Before long, the expressions of gratitude became a little more effusive, the “stupid” questions became admissions of insecurity, and the stories about our personal lives became personal stories from our lives as they’re unfolding around us. Our bond now is based on a richer relationship than that of the typical investor and CEO–it’s more what you might expect between close friends, siblings, or partners. We make understanding the other’s position and feelings a priority, and we fight fairly.
Both of us have been married to our respective spouses for over two decades, and find there are remarkable similarities in what it takes to keep the relationship healthy.
We Commit To Being Vulnerable
The good intention we bring into our relationship looks a lot like vulnerability. Last year I, Sheryl, published a book, Killing It, about my struggles as an entrepreneur–including my personal battle with anorexia. While Duane knew I was writing a book, he didn’t know much else. When I told him about some of its rawer content, I worried he might be concerned whether I could handle my high-pressure job. And more generally, would the revelations in the book hurt Rebbl? But Duane wasn’t concerned. He told me that this vulnerability would create a stronger company, allowing the rest of the team to share their truths, too.
During one of our weekly calls, I, Duane, told Sheryl I was worried about whether I was doing everything I could as a board member, as Rebbl’s investor, and as a fiduciary for the capital of my firm’s investors. She met my insecurity with empathy and reassurance. That didn’t remove it–some of those anxieties remain today. But because I took a chance and mentioned my worries about the job I was doing, Sheryl was able to be there for me.

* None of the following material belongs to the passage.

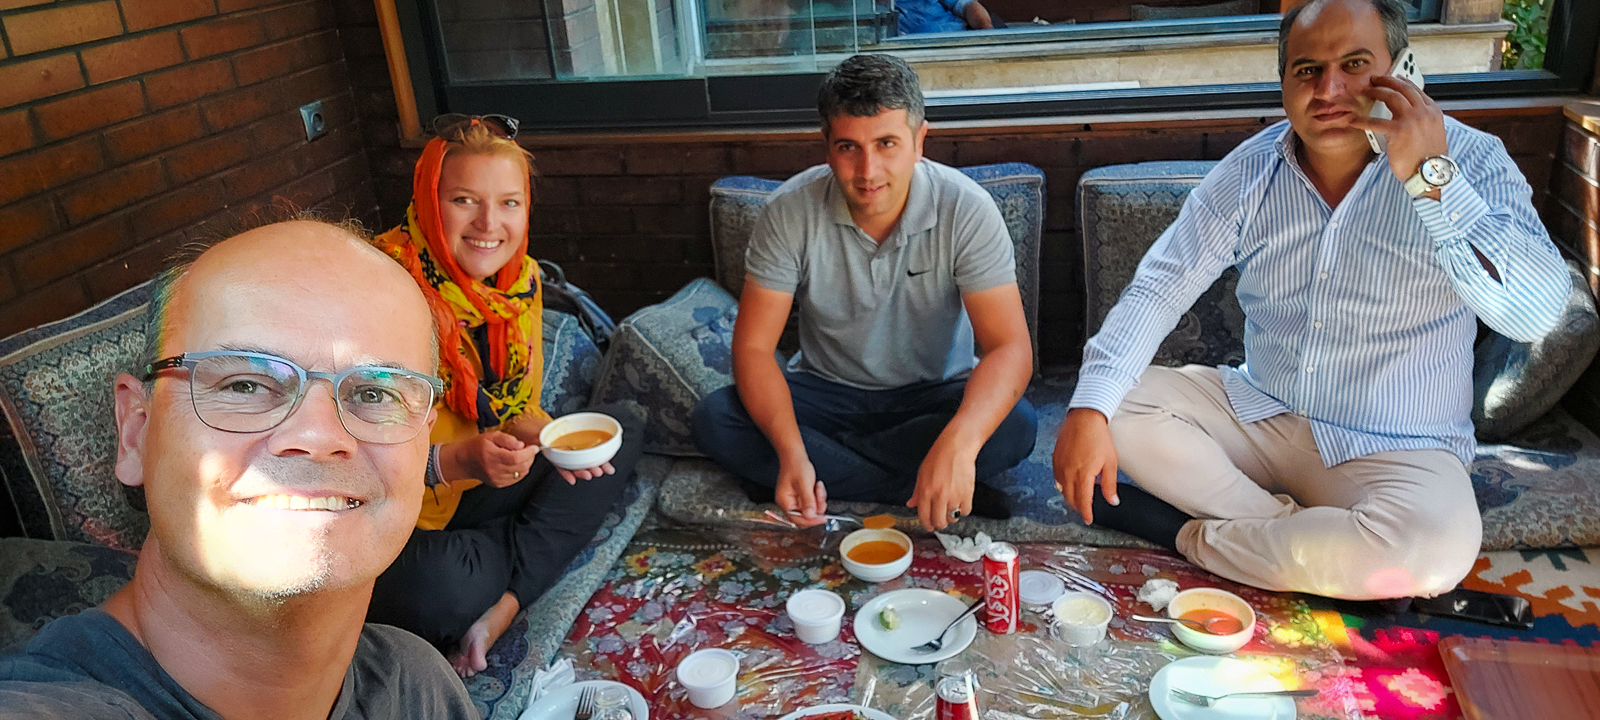 <span  class="uc_style_uc_tiles_grid_image_elementor_uc_items_attribute_title" style="color:#ffffff;">Again Iranian people who helped us (to fix some things at the truck): afterwards they invited us for lunch</span>

We’ve learned that if one person in a partnership shows up only as competent, fearless, and boundlessly secure, the other person never has the opportunity to sooth, comfort, or protect. That’s not a balanced or honest relationship–it falsely makes one party “stronger” than the other. In fact, shared fears are a strong bonding mechanism. During these conversations, we invite one another to play coach to the other, taking turns helping each other become better.

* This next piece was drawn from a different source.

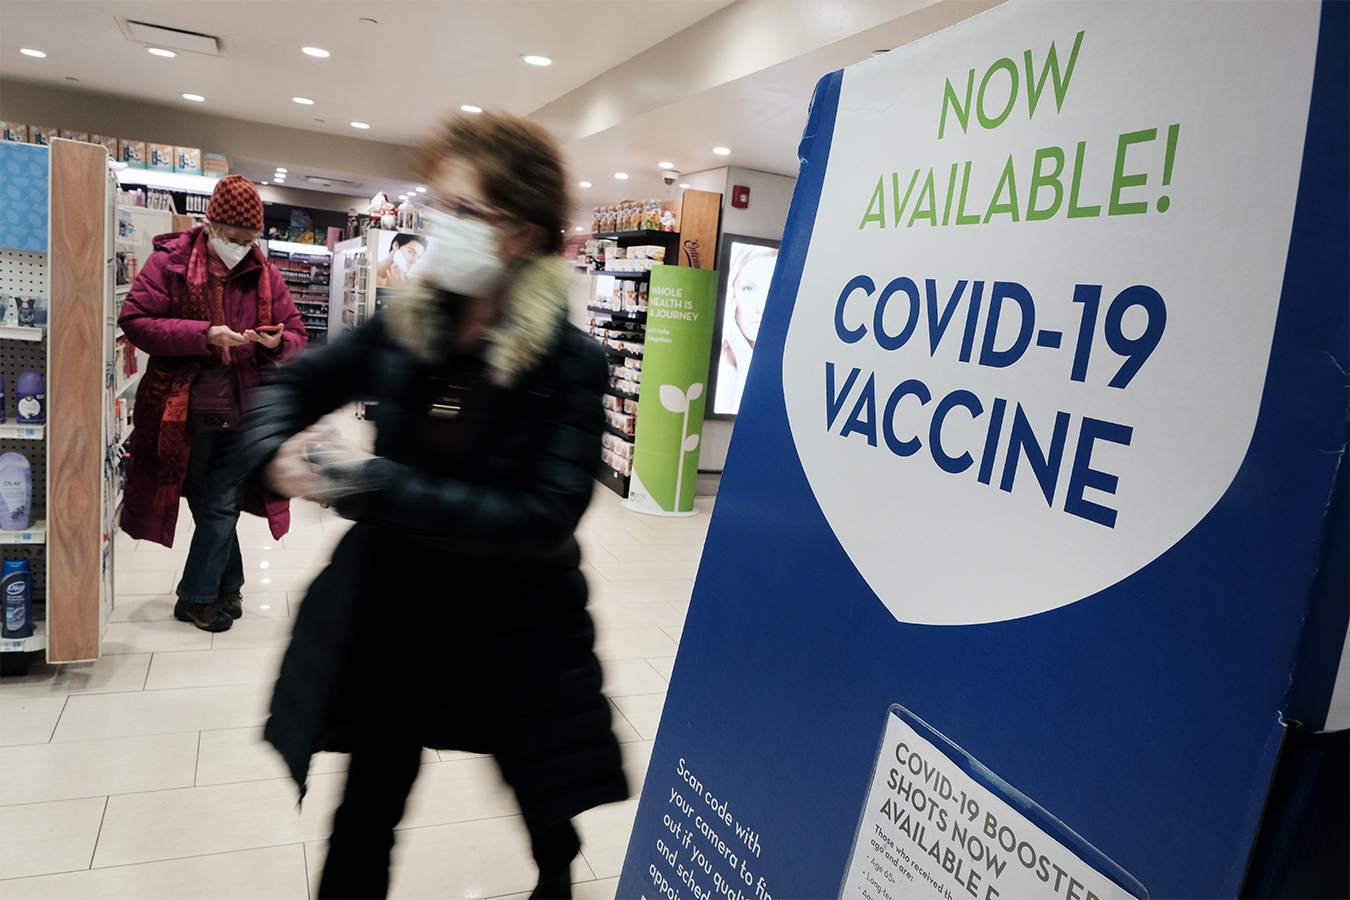 Pharmacies Are Turning Away Immunocompromised Patients Trying to find 4th Covid Shot

We also make clear that we can have one another’s backs even while looking out for the interests of our stakeholders. There’s no rule that says we can’t care about each other and the company at the same time.
We Share Bad News Right Away
While all this relationship talk may sound precious and sugary, it actually creates a strategic advantage in the marketplace. When a relationship between management and investors works like ours, both parties are far better able to leverage one another’s assets.
In previous startups, I, Sheryl, would usually wait to inform my board of bad news until I’d exhaustively researched my response and could come with a plan I thought was “perfect.” Now I share bad news with Duane immediately and in unvarnished form because I know it will be received with empathy, and we’ll solve issues collaboratively. In one instance, I brought up a manufacturing problem that had arisen, and Duane and the rest of the board immediately responded, “We’ve been there. We’ll get through this.”
That let me to lead the rest of the team with a steady hand, knowing I had support. I was more effective as CEO and so was the company overall because instead of infighting, blaming, or covering things up, there was a collective push toward problem-solving.
Ultimately, experiences like these have shown us how our closeness and mutual empathy as an investor-founder duo sets the tone for everyone else. It shows our organization that this type of relationship isn’t just possible, but championed. The same opportunity exists for any entrepreneur and investor. Just set the intention, as we did, to trash the old model. Then start anew, with raw honesty.